NF-kB decoy oligodeoxynucleotide preserves disc height in a rabbit anular-puncture model and reduces pain induction in a rat xenograft-radiculopathy model.

Abstract

While it is known that the degenerated intervertebral disc (IVD) is one of the primary reasons for low-back pain and subsequent need for medical care, there are currently no established effective methods for direct treatment. Nuclear factor-κB (NF-κB) is a transcription factor that regulates various genes' expression, among which are inflammatory cytokines, in many tissues including the IVD. NF-κB decoy is an oligodeoxynucleotide containing the NF-κB binding site that entraps NF-κB subunits, resulting in suppression of NF-κB activity.
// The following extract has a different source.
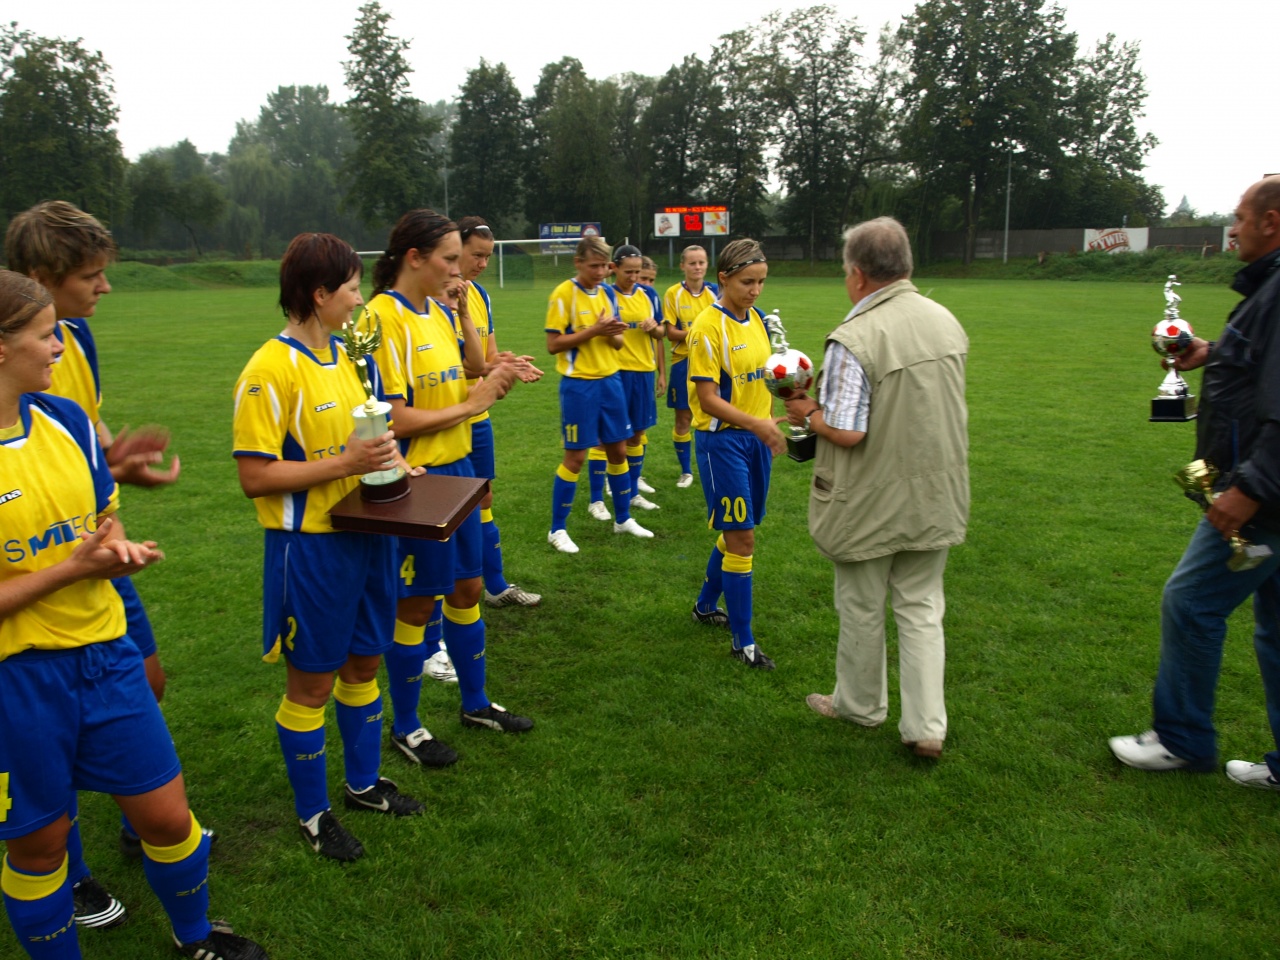 Prezes TS MITECH Jan Szupina honoruje pucharem Patrycję Jankowską - króla strzelców I ligi piłki nożnej kobiet sezonu 2008/2009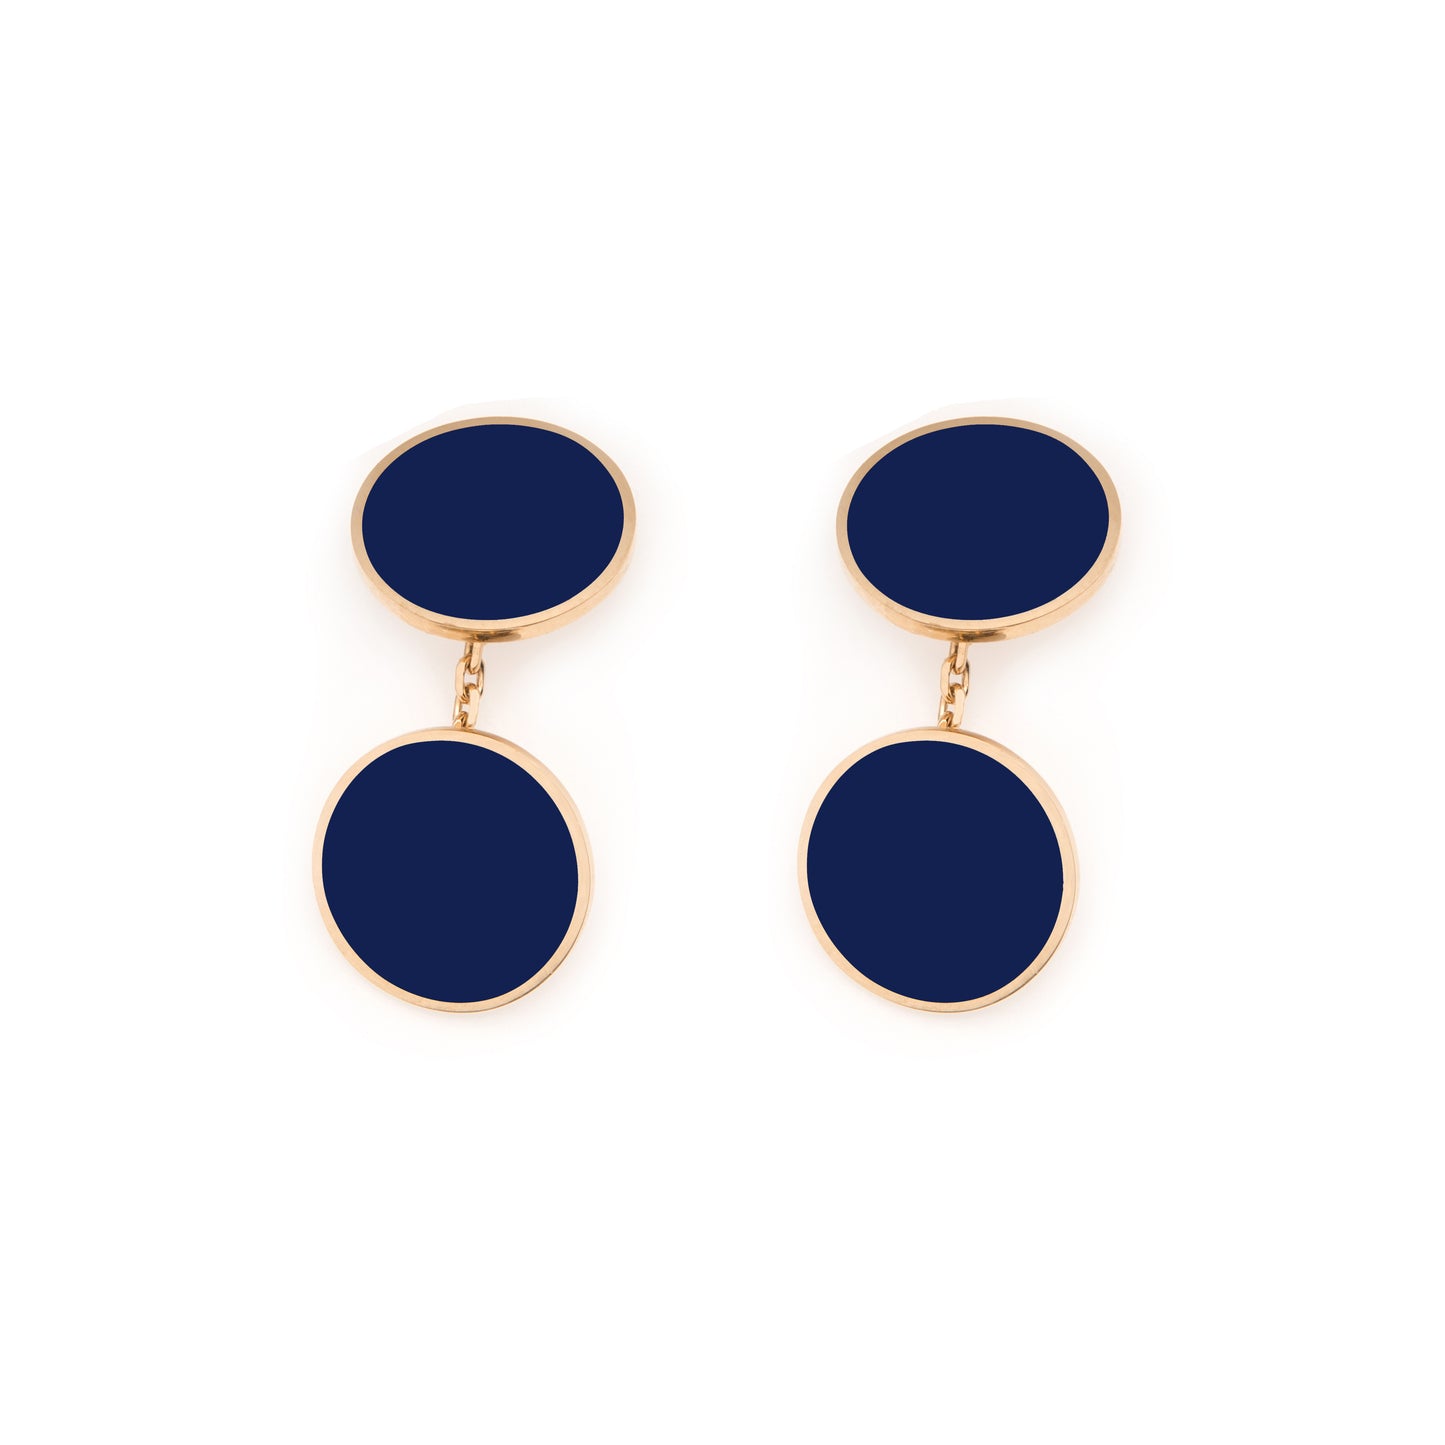 MORA bijoux boutons de manchette ronds en or 18 carats  émaillés bleu marine, montés sur une chaînette forçat. Disponibles dans d'autres couleurs.

In the present preclinical study, NF-κB decoy was injected into degenerated IVDs using the rabbit anular-puncture model. In terms of distribution, NF-κB decoy persisted in the IVDs up to at least 4 weeks after injection. The remaining amount of NF-κB decoy indicated that it fit a double-exponential-decay equation. Investigation of puncture-caused degeneration of IVDs showed that NF-κB decoy injection recovered, dose-dependently, the reduced disc height that was associated with reparative cell cloning and morphological changes, as assessed through histology. Gene expression, by quantitative real-time polymerase chain reaction (qRT-PCR), showed that NF-κB decoy attenuated inflammatory gene expression, such as that of interleukin-1 and tumor necrosis factor-α, in rabbit degenerated IVDs. NF-κB decoy also reduced the pain response as seen using the "pain sensor" nude rat xenograft-radiculopathy model. This is the first report demonstrating that NF-κB decoy suppresses the inflammatory response in degenerated IVDs and restores IVD disc height loss. Therefore, the intradiscal injection of NF-κB decoy may have the potential as an effective therapeutic strategy for discogenic pain associated with degenerated IVDs.